▶ [Description of the task]:
Without adding or dropping anything, copy the entries below.

Stored items from a collection:
########################################

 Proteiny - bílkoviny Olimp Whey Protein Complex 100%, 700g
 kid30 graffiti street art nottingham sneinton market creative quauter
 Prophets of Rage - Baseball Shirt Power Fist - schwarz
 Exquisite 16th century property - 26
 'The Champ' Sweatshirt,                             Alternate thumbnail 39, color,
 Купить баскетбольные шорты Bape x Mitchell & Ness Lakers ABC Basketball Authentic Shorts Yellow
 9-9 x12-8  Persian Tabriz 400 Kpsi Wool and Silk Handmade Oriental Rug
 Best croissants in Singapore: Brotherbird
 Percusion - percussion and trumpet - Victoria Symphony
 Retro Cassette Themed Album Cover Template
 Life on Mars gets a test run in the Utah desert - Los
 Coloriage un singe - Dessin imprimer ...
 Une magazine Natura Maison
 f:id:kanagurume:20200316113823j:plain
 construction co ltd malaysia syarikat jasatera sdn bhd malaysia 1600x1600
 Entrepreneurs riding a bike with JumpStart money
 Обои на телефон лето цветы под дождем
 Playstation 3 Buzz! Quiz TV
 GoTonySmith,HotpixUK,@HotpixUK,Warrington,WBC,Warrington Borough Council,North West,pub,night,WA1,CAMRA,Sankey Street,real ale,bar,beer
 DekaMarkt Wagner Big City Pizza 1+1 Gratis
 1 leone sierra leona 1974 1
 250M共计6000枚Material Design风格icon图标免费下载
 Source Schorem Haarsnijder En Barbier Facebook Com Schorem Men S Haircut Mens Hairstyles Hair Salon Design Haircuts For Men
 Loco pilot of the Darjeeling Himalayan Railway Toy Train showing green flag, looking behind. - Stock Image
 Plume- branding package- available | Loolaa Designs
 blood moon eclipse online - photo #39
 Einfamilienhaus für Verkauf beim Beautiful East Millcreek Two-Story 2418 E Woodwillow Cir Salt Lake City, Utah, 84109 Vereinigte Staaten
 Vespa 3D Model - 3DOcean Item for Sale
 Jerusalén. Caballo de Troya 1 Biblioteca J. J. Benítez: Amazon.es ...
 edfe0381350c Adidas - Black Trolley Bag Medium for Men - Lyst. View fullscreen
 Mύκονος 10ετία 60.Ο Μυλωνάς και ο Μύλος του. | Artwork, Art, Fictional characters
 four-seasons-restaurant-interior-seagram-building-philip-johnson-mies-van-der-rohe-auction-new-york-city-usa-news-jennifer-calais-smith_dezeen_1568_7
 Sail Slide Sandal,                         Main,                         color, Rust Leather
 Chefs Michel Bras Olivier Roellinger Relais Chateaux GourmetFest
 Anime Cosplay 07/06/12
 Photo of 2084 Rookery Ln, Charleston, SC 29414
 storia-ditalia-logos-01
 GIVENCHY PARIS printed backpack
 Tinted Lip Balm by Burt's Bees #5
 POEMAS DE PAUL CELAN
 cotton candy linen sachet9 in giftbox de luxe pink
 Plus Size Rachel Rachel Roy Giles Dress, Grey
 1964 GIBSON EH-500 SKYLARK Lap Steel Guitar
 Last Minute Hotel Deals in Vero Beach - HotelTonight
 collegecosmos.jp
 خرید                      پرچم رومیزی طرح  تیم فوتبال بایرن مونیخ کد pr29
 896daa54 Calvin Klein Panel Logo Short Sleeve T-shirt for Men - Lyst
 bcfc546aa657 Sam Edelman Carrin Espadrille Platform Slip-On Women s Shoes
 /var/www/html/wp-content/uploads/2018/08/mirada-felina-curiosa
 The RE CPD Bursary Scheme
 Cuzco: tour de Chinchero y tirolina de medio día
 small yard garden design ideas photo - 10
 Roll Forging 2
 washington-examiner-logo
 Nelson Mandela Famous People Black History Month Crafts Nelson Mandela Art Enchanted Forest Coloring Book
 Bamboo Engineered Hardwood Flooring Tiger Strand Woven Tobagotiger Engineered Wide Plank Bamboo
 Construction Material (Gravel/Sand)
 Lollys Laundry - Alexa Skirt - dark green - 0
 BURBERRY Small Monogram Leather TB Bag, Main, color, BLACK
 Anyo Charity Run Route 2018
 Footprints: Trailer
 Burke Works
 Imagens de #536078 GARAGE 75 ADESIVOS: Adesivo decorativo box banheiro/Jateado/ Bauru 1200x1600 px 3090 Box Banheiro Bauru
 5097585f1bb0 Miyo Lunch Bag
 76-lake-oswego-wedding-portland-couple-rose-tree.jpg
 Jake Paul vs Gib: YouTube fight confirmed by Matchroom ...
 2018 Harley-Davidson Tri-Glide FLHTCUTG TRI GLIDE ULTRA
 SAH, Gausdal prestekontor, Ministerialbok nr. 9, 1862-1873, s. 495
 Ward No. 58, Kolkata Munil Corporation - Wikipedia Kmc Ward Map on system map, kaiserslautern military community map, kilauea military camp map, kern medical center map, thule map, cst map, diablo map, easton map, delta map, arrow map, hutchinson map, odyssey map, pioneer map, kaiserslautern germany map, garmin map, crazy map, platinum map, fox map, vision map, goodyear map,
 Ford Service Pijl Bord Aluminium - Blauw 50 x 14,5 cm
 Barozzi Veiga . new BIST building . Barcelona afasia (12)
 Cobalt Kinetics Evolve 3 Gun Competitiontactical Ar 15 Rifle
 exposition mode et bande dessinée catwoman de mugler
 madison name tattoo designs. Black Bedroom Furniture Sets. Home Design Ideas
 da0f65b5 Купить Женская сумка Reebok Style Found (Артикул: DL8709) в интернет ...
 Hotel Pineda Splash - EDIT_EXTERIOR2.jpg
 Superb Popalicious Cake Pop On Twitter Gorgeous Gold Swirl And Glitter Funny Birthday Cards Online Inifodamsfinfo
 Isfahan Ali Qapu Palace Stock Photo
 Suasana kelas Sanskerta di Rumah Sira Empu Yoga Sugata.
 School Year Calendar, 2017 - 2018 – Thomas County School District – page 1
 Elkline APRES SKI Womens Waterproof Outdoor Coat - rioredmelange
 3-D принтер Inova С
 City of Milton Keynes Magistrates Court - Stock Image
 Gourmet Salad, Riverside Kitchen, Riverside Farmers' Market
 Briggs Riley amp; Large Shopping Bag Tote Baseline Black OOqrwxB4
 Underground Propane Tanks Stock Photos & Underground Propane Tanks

########################################

▶ [Output for this exercise]:
 Proteiny - bílkoviny Olimp Whey Protein Complex 100%, 700g
 kid30 graffiti street art nottingham sneinton market creative quauter
 Prophets of Rage - Baseball Shirt Power Fist - schwarz
 Exquisite 16th century property - 26
 'The Champ' Sweatshirt,                             Alternate thumbnail 39, color,
 Купить баскетбольные шорты Bape x Mitchell & Ness Lakers ABC Basketball Authentic Shorts Yellow
 9-9 x12-8  Persian Tabriz 400 Kpsi Wool and Silk Handmade Oriental Rug
 Best croissants in Singapore: Brotherbird
 Percusion - percussion and trumpet - Victoria Symphony
 Retro Cassette Themed Album Cover Template
 Life on Mars gets a test run in the Utah desert - Los
 Coloriage un singe - Dessin imprimer ...
 Une magazine Natura Maison
 f:id:kanagurume:20200316113823j:plain
 construction co ltd malaysia syarikat jasatera sdn bhd malaysia 1600x1600
 Entrepreneurs riding a bike with JumpStart money
 Обои на телефон лето цветы под дождем
 Playstation 3 Buzz! Quiz TV
 GoTonySmith,HotpixUK,@HotpixUK,Warrington,WBC,Warrington Borough Council,North West,pub,night,WA1,CAMRA,Sankey Street,real ale,bar,beer
 DekaMarkt Wagner Big City Pizza 1+1 Gratis
 1 leone sierra leona 1974 1
 250M共计6000枚Material Design风格icon图标免费下载
 Source Schorem Haarsnijder En Barbier Facebook Com Schorem Men S Haircut Mens Hairstyles Hair Salon Design Haircuts For Men
 Loco pilot of the Darjeeling Himalayan Railway Toy Train showing green flag, looking behind. - Stock Image
 Plume- branding package- available | Loolaa Designs
 blood moon eclipse online - photo #39
 Einfamilienhaus für Verkauf beim Beautiful East Millcreek Two-Story 2418 E Woodwillow Cir Salt Lake City, Utah, 84109 Vereinigte Staaten
 Vespa 3D Model - 3DOcean Item for Sale
 Jerusalén. Caballo de Troya 1 Biblioteca J. J. Benítez: Amazon.es ...
 edfe0381350c Adidas - Black Trolley Bag Medium for Men - Lyst. View fullscreen
 Mύκονος 10ετία 60.Ο Μυλωνάς και ο Μύλος του. | Artwork, Art, Fictional characters
 four-seasons-restaurant-interior-seagram-building-philip-johnson-mies-van-der-rohe-auction-new-york-city-usa-news-jennifer-calais-smith_dezeen_1568_7
 Sail Slide Sandal,                         Main,                         color, Rust Leather
 Chefs Michel Bras Olivier Roellinger Relais Chateaux GourmetFest
 Anime Cosplay 07/06/12
 Photo of 2084 Rookery Ln, Charleston, SC 29414
 storia-ditalia-logos-01
 GIVENCHY PARIS printed backpack
 Tinted Lip Balm by Burt's Bees #5
 POEMAS DE PAUL CELAN
 cotton candy linen sachet9 in giftbox de luxe pink
 Plus Size Rachel Rachel Roy Giles Dress, Grey
 1964 GIBSON EH-500 SKYLARK Lap Steel Guitar
 Last Minute Hotel Deals in Vero Beach - HotelTonight
 collegecosmos.jp
 خرید                      پرچم رومیزی طرح  تیم فوتبال بایرن مونیخ کد pr29
 896daa54 Calvin Klein Panel Logo Short Sleeve T-shirt for Men - Lyst
 bcfc546aa657 Sam Edelman Carrin Espadrille Platform Slip-On Women s Shoes
 /var/www/html/wp-content/uploads/2018/08/mirada-felina-curiosa
 The RE CPD Bursary Scheme
 Cuzco: tour de Chinchero y tirolina de medio día
 small yard garden design ideas photo - 10
 Roll Forging 2
 washington-examiner-logo
 Nelson Mandela Famous People Black History Month Crafts Nelson Mandela Art Enchanted Forest Coloring Book
 Bamboo Engineered Hardwood Flooring Tiger Strand Woven Tobagotiger Engineered Wide Plank Bamboo
 Construction Material (Gravel/Sand)
 Lollys Laundry - Alexa Skirt - dark green - 0
 BURBERRY Small Monogram Leather TB Bag, Main, color, BLACK
 Anyo Charity Run Route 2018
 Footprints: Trailer
 Burke Works
 Imagens de #536078 GARAGE 75 ADESIVOS: Adesivo decorativo box banheiro/Jateado/ Bauru 1200x1600 px 3090 Box Banheiro Bauru
 5097585f1bb0 Miyo Lunch Bag
 76-lake-oswego-wedding-portland-couple-rose-tree.jpg
 Jake Paul vs Gib: YouTube fight confirmed by Matchroom ...
 2018 Harley-Davidson Tri-Glide FLHTCUTG TRI GLIDE ULTRA
 SAH, Gausdal prestekontor, Ministerialbok nr. 9, 1862-1873, s. 495
 Ward No. 58, Kolkata Munil Corporation - Wikipedia Kmc Ward Map on system map, kaiserslautern military community map, kilauea military camp map, kern medical center map, thule map, cst map, diablo map, easton map, delta map, arrow map, hutchinson map, odyssey map, pioneer map, kaiserslautern germany map, garmin map, crazy map, platinum map, fox map, vision map, goodyear map,
 Ford Service Pijl Bord Aluminium - Blauw 50 x 14,5 cm
 Barozzi Veiga . new BIST building . Barcelona afasia (12)
 Cobalt Kinetics Evolve 3 Gun Competitiontactical Ar 15 Rifle
 exposition mode et bande dessinée catwoman de mugler
 madison name tattoo designs. Black Bedroom Furniture Sets. Home Design Ideas
 da0f65b5 Купить Женская сумка Reebok Style Found (Артикул: DL8709) в интернет ...
 Hotel Pineda Splash - EDIT_EXTERIOR2.jpg
 Superb Popalicious Cake Pop On Twitter Gorgeous Gold Swirl And Glitter Funny Birthday Cards Online Inifodamsfinfo
 Isfahan Ali Qapu Palace Stock Photo
 Suasana kelas Sanskerta di Rumah Sira Empu Yoga Sugata.
 School Year Calendar, 2017 - 2018 – Thomas County School District – page 1
 Elkline APRES SKI Womens Waterproof Outdoor Coat - rioredmelange
 3-D принтер Inova С
 City of Milton Keynes Magistrates Court - Stock Image
 Gourmet Salad, Riverside Kitchen, Riverside Farmers' Market
 Briggs Riley amp; Large Shopping Bag Tote Baseline Black OOqrwxB4
 Underground Propane Tanks Stock Photos & Underground Propane Tanks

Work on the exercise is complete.